Das von Enja Winckelmann und der RAI co-produzierte Album fällt in die Mitte der Zeit der Band (ca. 1990 bis 2009, danach gab es zumindest keine Aufnahmen mehr) und bietet einen ganz guten Einstieg in die sehr diverse Musik, die sich aus den unterschiedlichen Spieltraditionen der Regionen Italiens aber auch Jazz und Klassik speist. Der jeweilige Komponist übernimmt in seinen Stücken die Leitung – einen eigentlichen Leader sucht man vergeblich, auch wenn die Band ohne Minafras Organisationstalent natürlich nicht zustande gekommen wäre (und ohne die Mitwirkung von Riccardo Bergerone, der nach dem ersten One-Off-Konzert in Noci – ich nehme an dder auf dem Leo-Album teils dokumentierte Gig – zum Manager wurde).

Trovesis „Scarlattina“ bietet Sarabanden und Tänze, Märsche und eine Tarantella, dazwischen satte Big Band-Passagen. Damianis „Sequenze Fughe“ und Schiaffinis Titelstück weitere Anklänge an klassische Spieltraditionen, aber auch ziemlich packende Grooves – und ein Barisax, das im Line-Up vergessen ging (Cavallanti oder Actis Dato, letzterer könnte auch am ts zu hören sein) – und mit einem kurzen Reggae-Break leiten die Drummer die abschliessende gesprochene Passage von „Sequenze Fughe“ ein (Schiano in mehreren Sprachen im Overdub wohl). In „M42“ von Mandarini taucht dann das Akkordeon auf (die singende Trompete von Rava scheint immer wieder zu erklingen) – und die schon davor öfter zu hörende typische Vermischung von Einzelstimmen und dem Kollektiv, das dabei nie in brachiale Gefilde ausbricht, wie es weiter nördlich bei so einer Band definitiv ständig passieren würde – irgendwie gelingt es dem Instabile Orchestra auch wenn es krawallig wird immer, vor Charme nur so zu sprühen. Schiaffini hat dann das Arrangement für die Dekonstruktion von „Lover Man“ beigesteuert, dem kürzesten Stück hier, das dem Altmeister Mario Schiano gehört.

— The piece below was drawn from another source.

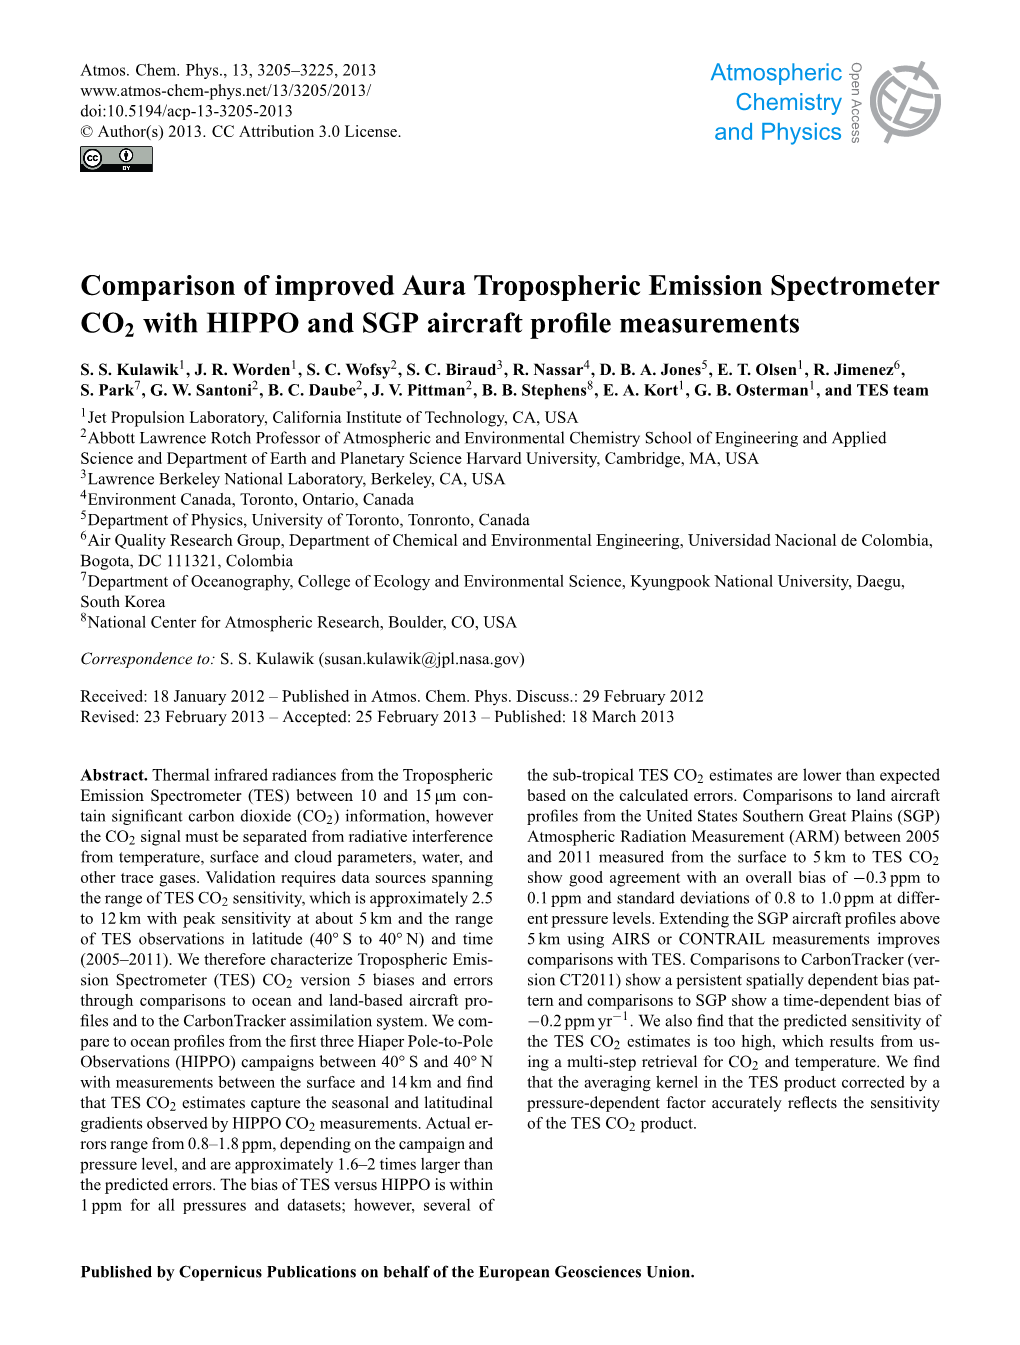 Comparison of Improved Aura Tropospheric Emission

Zum Abschluss gibt es Minafras Set-Closer (ich hörte die Band 2006 im Konzert), eine aberwitzige Folge von Grooves, in der sich die verhasste white-collar Filmfigur Fantozzi in eine Art faschistische Metapher verwandelt, wie Art Lange schreibt. Minafra murmelt, brummelt, schimpft und klagt in sein Megaphon, während die Band theatralisch und flamboyant über mitreissende Two-Beat-Grooves in immer irrere Höhen und Tempi vorstösst. „If such a range of musical and dramatic effects seems exaggerated, remember, Italy is also the country of Antonioni and Fellini, Da Vinci and Dante, a place where stark realism and pure poetry coexist. You can feel these cherished contradictions in this music, music that gets the blood pounding, the mind clicking, and the spirit soaring“ – so Langes Schlusswort in den Liner Notes.